The nonlinear dynamics CVT systems [32–35] driven by the SIM systems [36–39] were proposed. However, those neural networks need longer time to process nonlinear systems The proposed sage dynamic control system using the MMRRSPNN control and RGWO with two adjusted factors can execute intendant control, MRRSPNN control with a fitted learning rule, and repay control with an evaluated rule. In the light of the Lyapunov stability, the fitted learning rule for training parameters in the MRRSPNN is derived online. Therefore, the MMRRSPNN can react to nonlinear uncertainty by learning procedure online. Besides, the RGWO with two adjusted factors, which is used to revise two learning rates of connective weights and recurrent weights in the MRRSPNN, is proposed to attain better convergence and to speed-up convergent speed of weights regulation so as to search for two optimal values. Finally, better control performances obtained by the proposed control method are demonstrated and confirmed by the tested results.
The main tissue in this paper is as follows: Section 2 presents the construction of the SIM expelled CVT clumped system. Section 3 presents the sage dynamic control system using MMRRSPNN control and RGWO with two adjusted factors. Section 4 presents the tested results for the SIM expelled CVT clumped system by using three control methods at three tested cases. Section 5 presents the conclusions.
Construction of CVT clumped system and SIM modelling system
Geometric construction of CVT clumped system
The SIM expelled CVT clumped system with nonlinear uncertainties results in seriously variation. Under the CVT clumped system with nonlinear friction, the torque and speed in the SIM expelled CVT clumped system begets retrograde tracking responses under nonlinear uncertainties. The geometric construction of the SIM and CVT clumped system with negligible belt flexural effects, power and sliding losses is illustrates in Fig. 1 [36–39]. The dynamic equations for all torques under simplified kinematics of the CVT clumped system in the succeeding driven shaft and the preceding driving shaft by using the law of conservancy shown in Fig. 1 are simplified as

Geometric construction of the CVT clumped system: (a) the CVT system and (b) the SIM and CVT clumped system.
The d
1 − q
1 − d
2 − q
2 axes electric equation in the coordinate frames transformation from the six-phase x
1 − y
1 − z
1 − x
2 − y
2 − z
2 axes to the d
1 − q
1 − d
2 − q
2 axes of the SIM can be represented by [2–6]
Figure 2 displays the construction of the SIM expelled CVT clumped system that is composed of three parts as the SIM expelled system, the CVT clumped system and the mix signal field programmable gate array (FPGA) system and TMS 320F28335 digital signal processor (DSP) control system. The CVT clumped system consists of the wheel and the CVT system. The SIM expelled system consists of the current sensors and A/D converter, the sinusoidal pulse width modulation (PWM) control circuit, the interlock and isolated circuits, and the voltage source inverter with six sets of insulated-gate bipolar transistor (IGBT) power modules. The mix FPGA system and TMS 320F28335 DSP control system manufactured by Microcontroller Company can execute an IFOC, a proportional-integral (PI) current control loop and a speed control loop. The IFOC consists of the sin θ e ∕cos θ e generation, the lookup table generation and the coordinate translation. Two gains of the PI current controller are k p1 = 18.1 and k i1 = k p1∕T i1 = 7.2 via certain heuristic comprehension [40–42] in order to get good dynamic response. The SIM expelled system was controlled by the TMS 320F28335 DSP and the mix FPGA control system under aggregated parameter variations and aggregated nonlinear outward disturbances.

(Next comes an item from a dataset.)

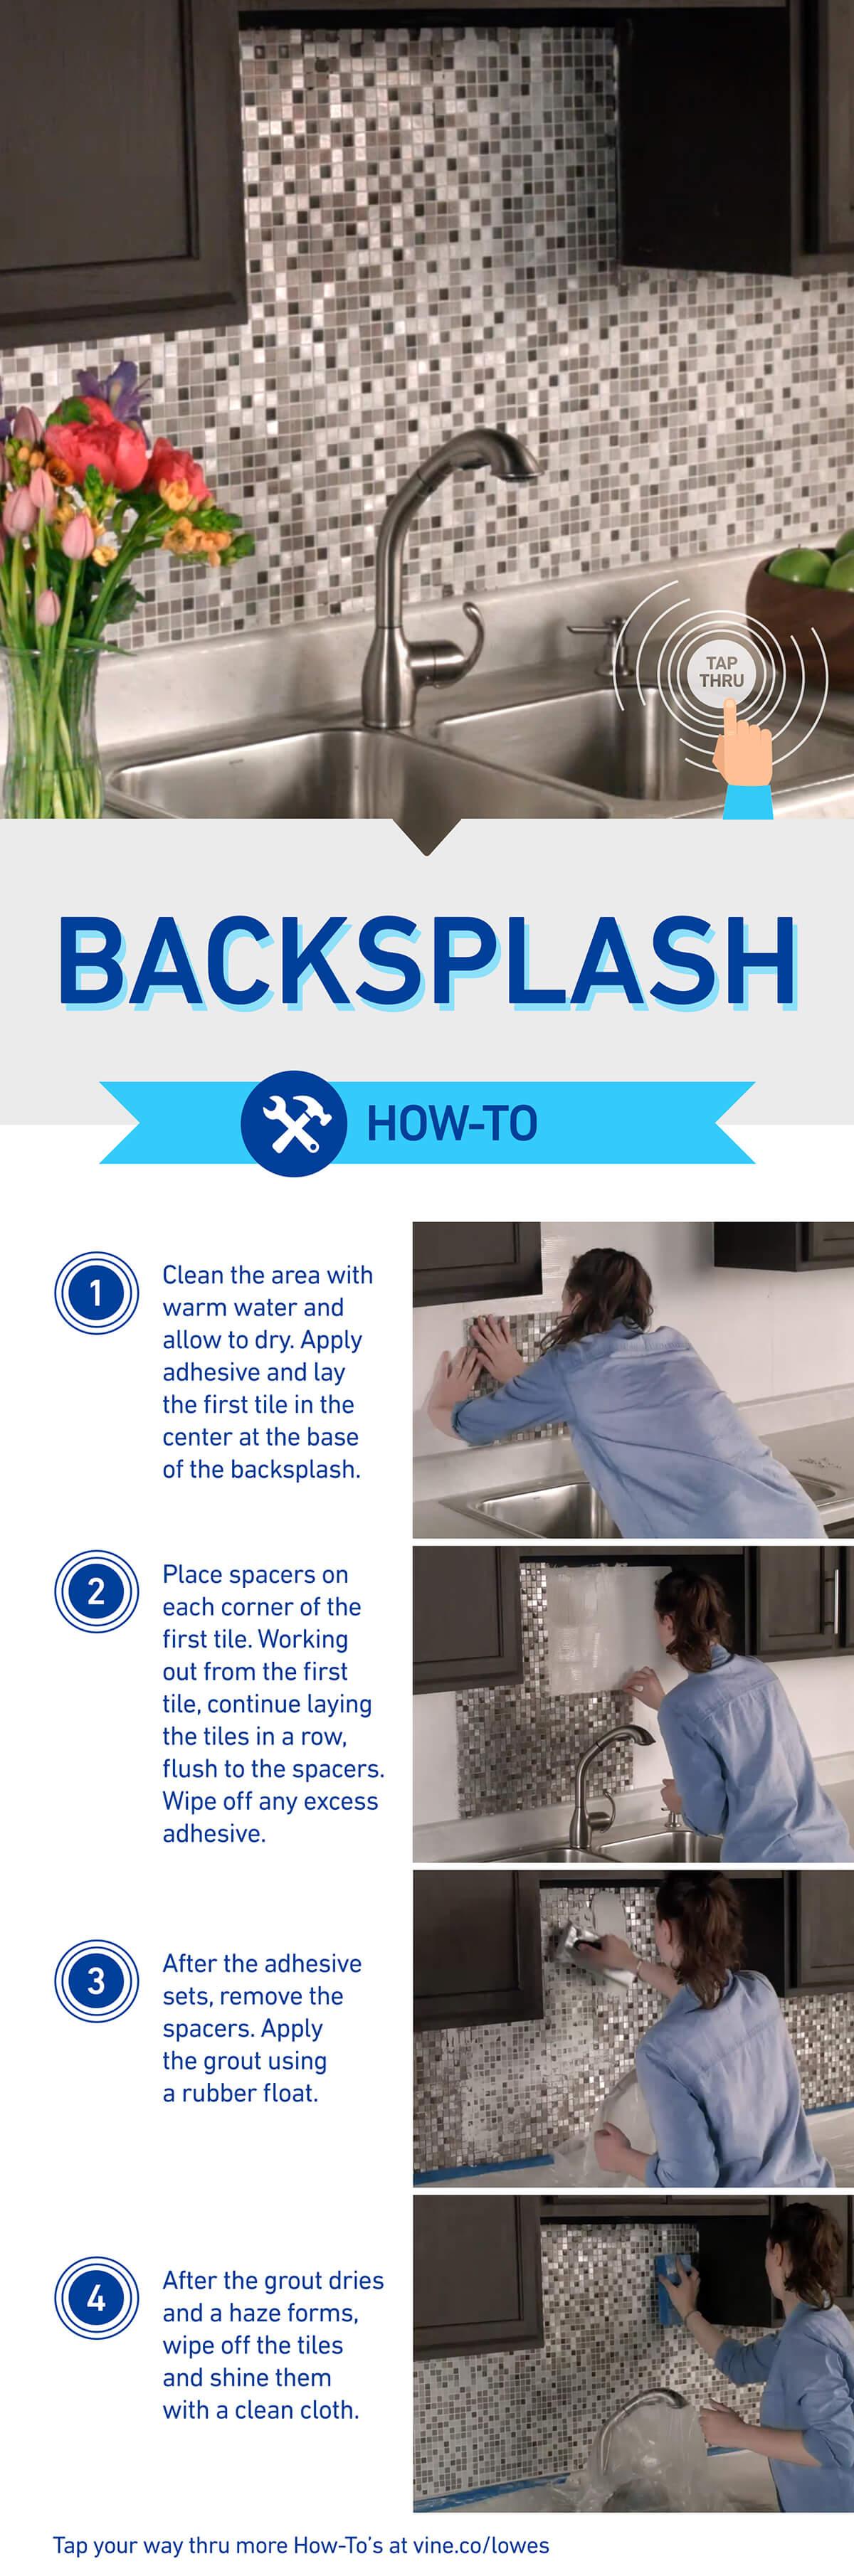 Adhesive Tile Segments make Backsplash Installation Easy

Construction of the SIM expelled CVT clumped system.
For simplifying the sage dynamic control system design, the entire dynamic equation from ((5)) can be represented by

Block diagram of the sage dynamic control system using MMRRSPNN control and RGWO with two adjusted factors.
From Eq. (14) to Eq. (18), a discrepancy dynamic equation can be represented by
Furthermore, the MRRSPNN with three-layer conformation that is composed of a first layer, a second layer and a third layer is displayed in Fig. 4. The semaphore intentions in each node for each layer are explained in the following expression.

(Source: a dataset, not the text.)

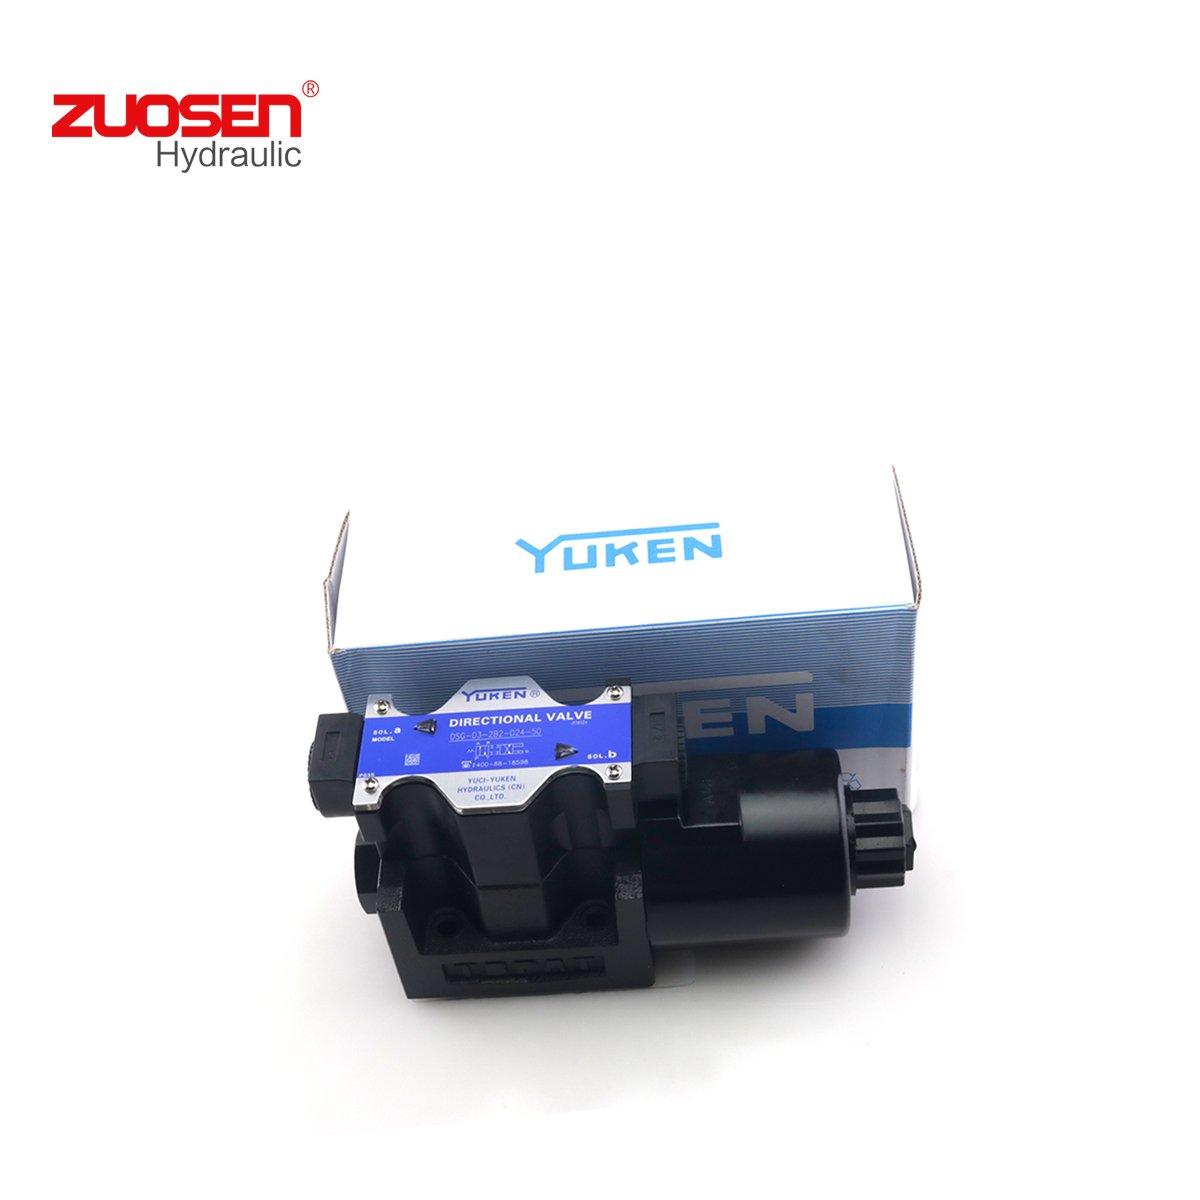 Yuken DSG-03-2B2-D24-50 Hydraulic Valves

Conformation of the MRRSPNN.
At the first layer, input semaphore and output semaphore are explained by
At the second layer, input semaphore and output semaphore are explained by
At the third layer, semaphore and output semaphore are explained by

Flowchart of of realized control methodologies with real-time implementation by using the DSP control system.

Tested results for the SIM expelled CVT clumped system at the tested Example D1 case by using the controller XT1: (a) speed response, (b) speed discrepancy response.

Tested results for the SIM expelled CVT clumped system at the tested Example D2 case by using the controller XT1: (a) speed response, (b) speed discrepancy response.

Tested results for the SIM expelled CVT clumped system by using the controller XT1: (a) response of developed torque at the tested Example D1 case, (b) response of developed torque at the tested Example D2 case.

Tested results for the SIM expelled CVT clumped system at the tested Example D1 case by using the controller XT2: (a) speed response, (b) speed discrepancy response.

Tested results for the SIM expelled CVT clumped system at the tested Example D2 case by using the controller XT2: (a) speed response, and (b) speed discrepancy response.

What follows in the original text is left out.